MATERIAL PROVIDED
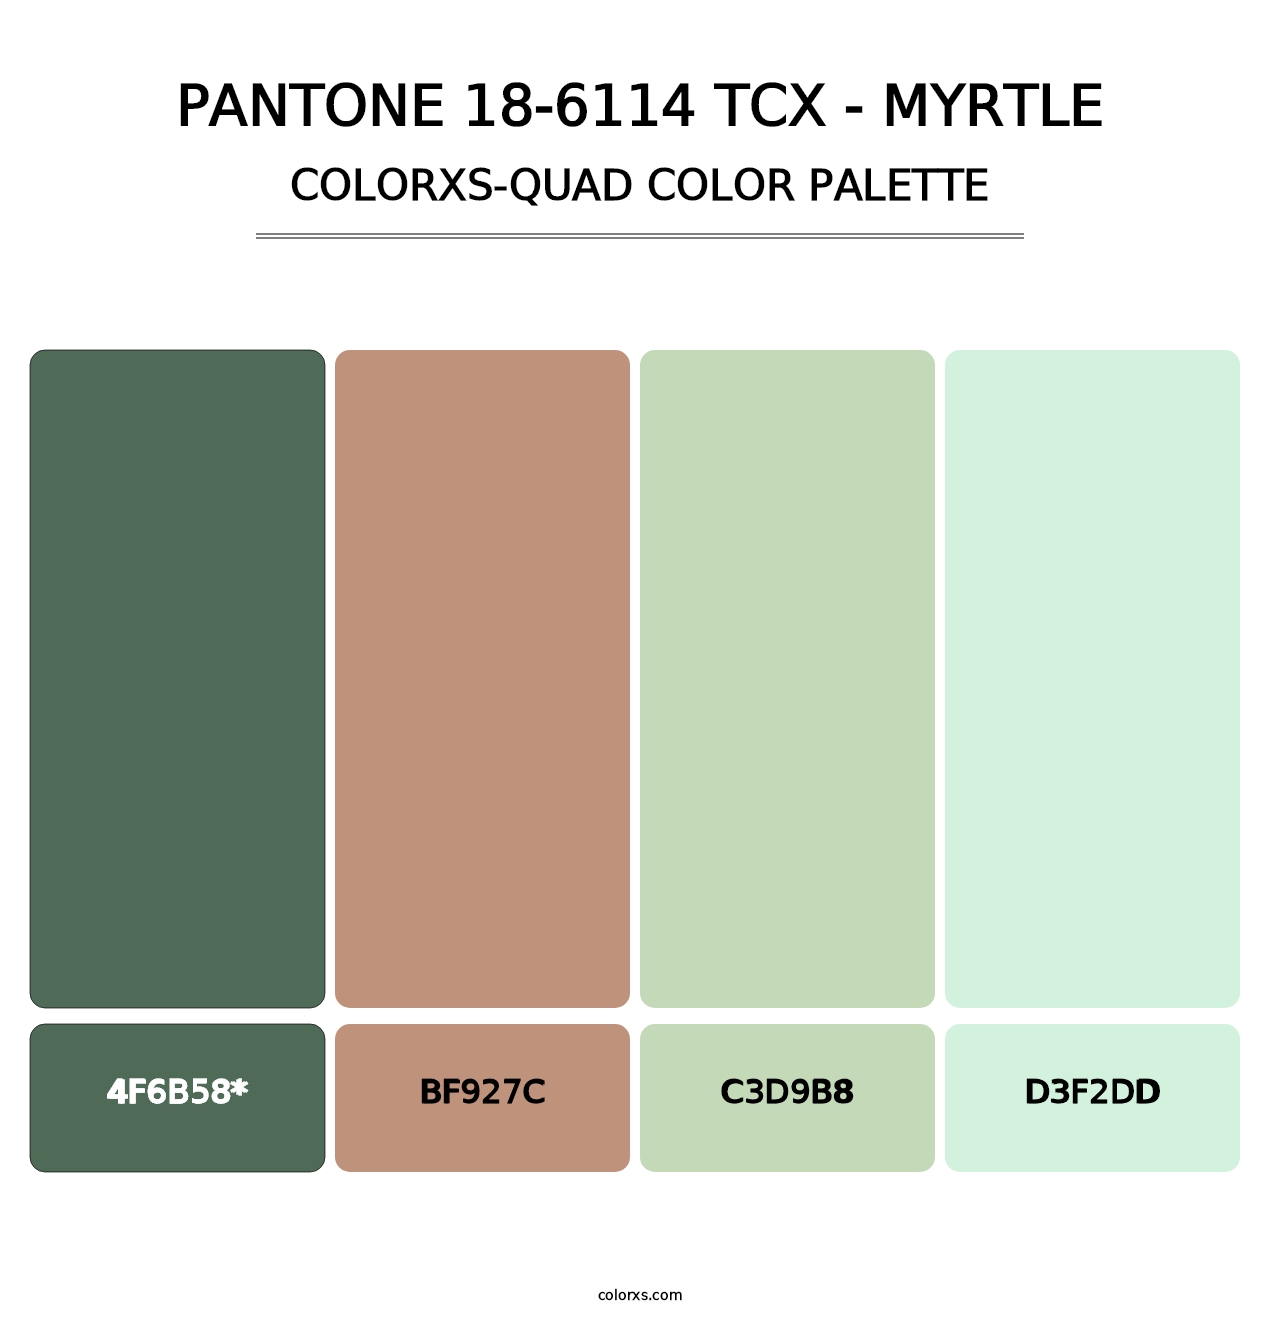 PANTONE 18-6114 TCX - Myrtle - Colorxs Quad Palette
--
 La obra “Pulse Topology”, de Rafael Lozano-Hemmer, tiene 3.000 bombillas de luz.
* * *
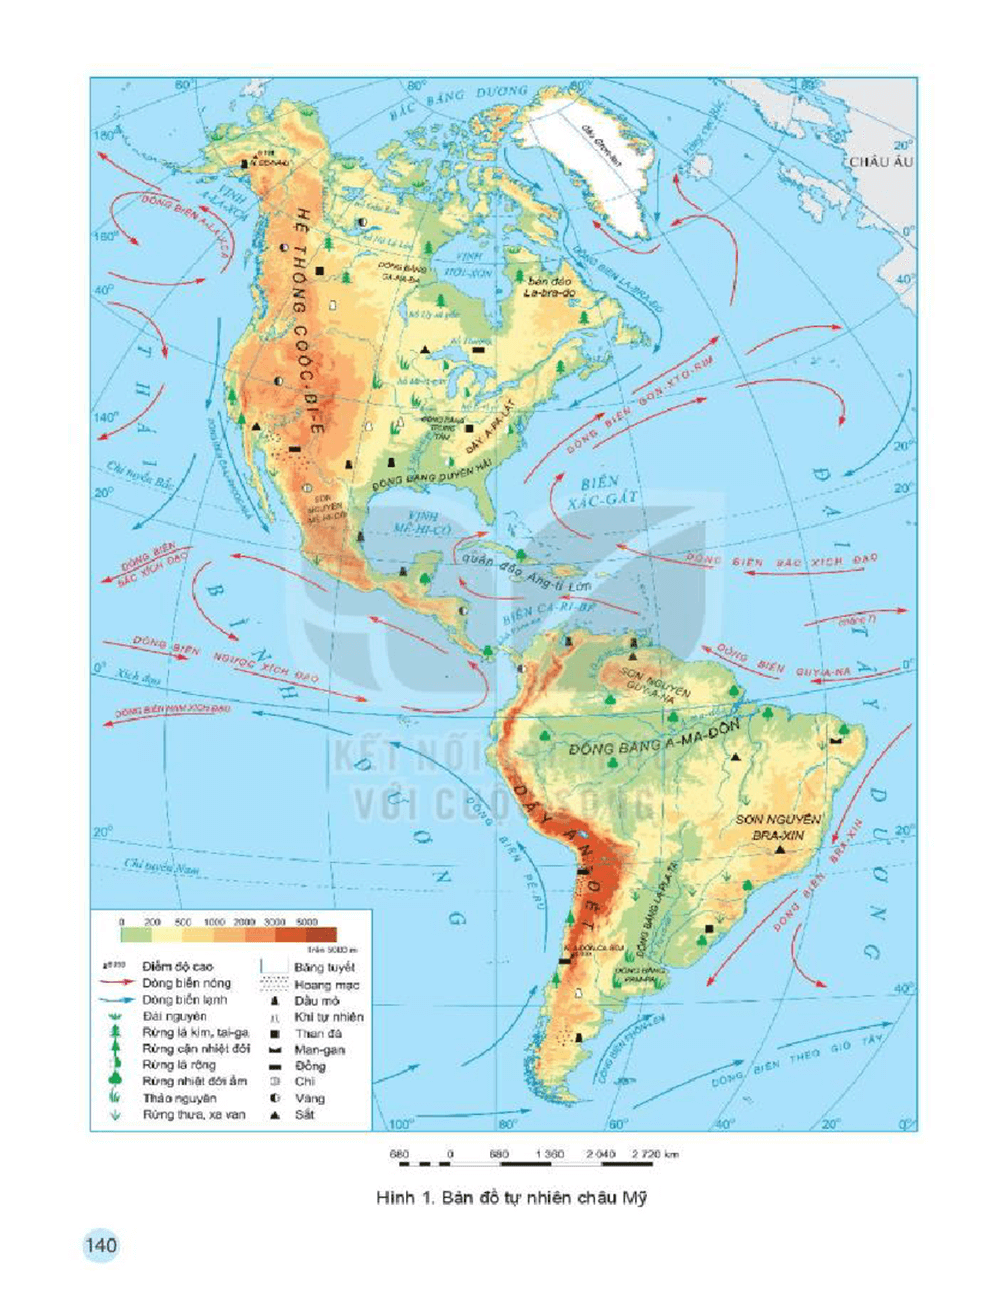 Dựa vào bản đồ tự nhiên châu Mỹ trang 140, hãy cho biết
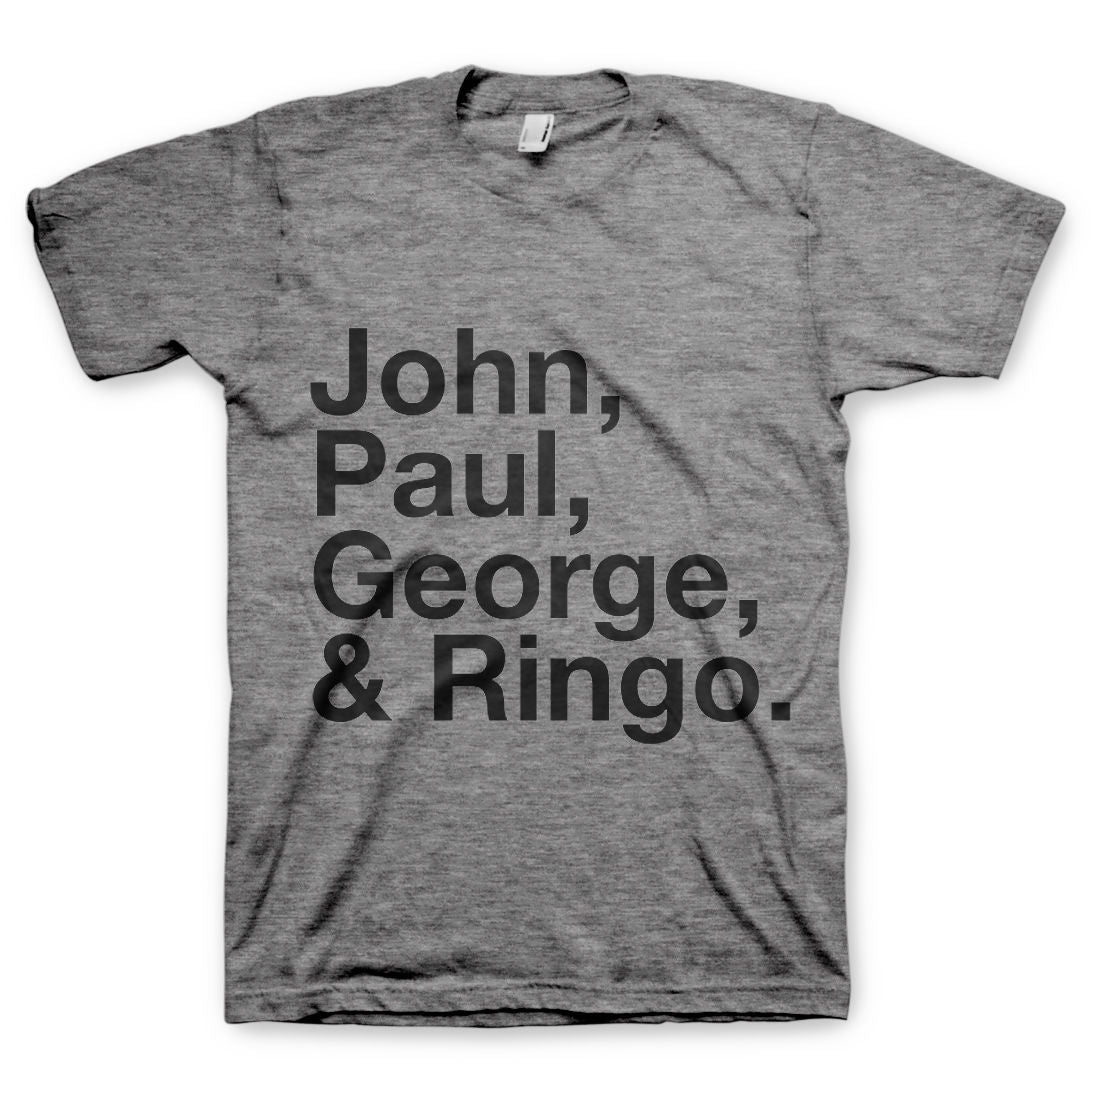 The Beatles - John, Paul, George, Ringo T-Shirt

INSTRUCTIONS TO FOLLOW
Above are some records; extract exactly the lines from the one containing "Dựa vào bản" through the one containing "The Beatles - John, Paul, George, Ringo" and drop the pictures.

WRITTEN RESPONSE
 Dựa vào bản đồ tự nhiên châu Mỹ trang 140, hãy cho biết
 The Beatles - John, Paul, George, Ringo T-Shirt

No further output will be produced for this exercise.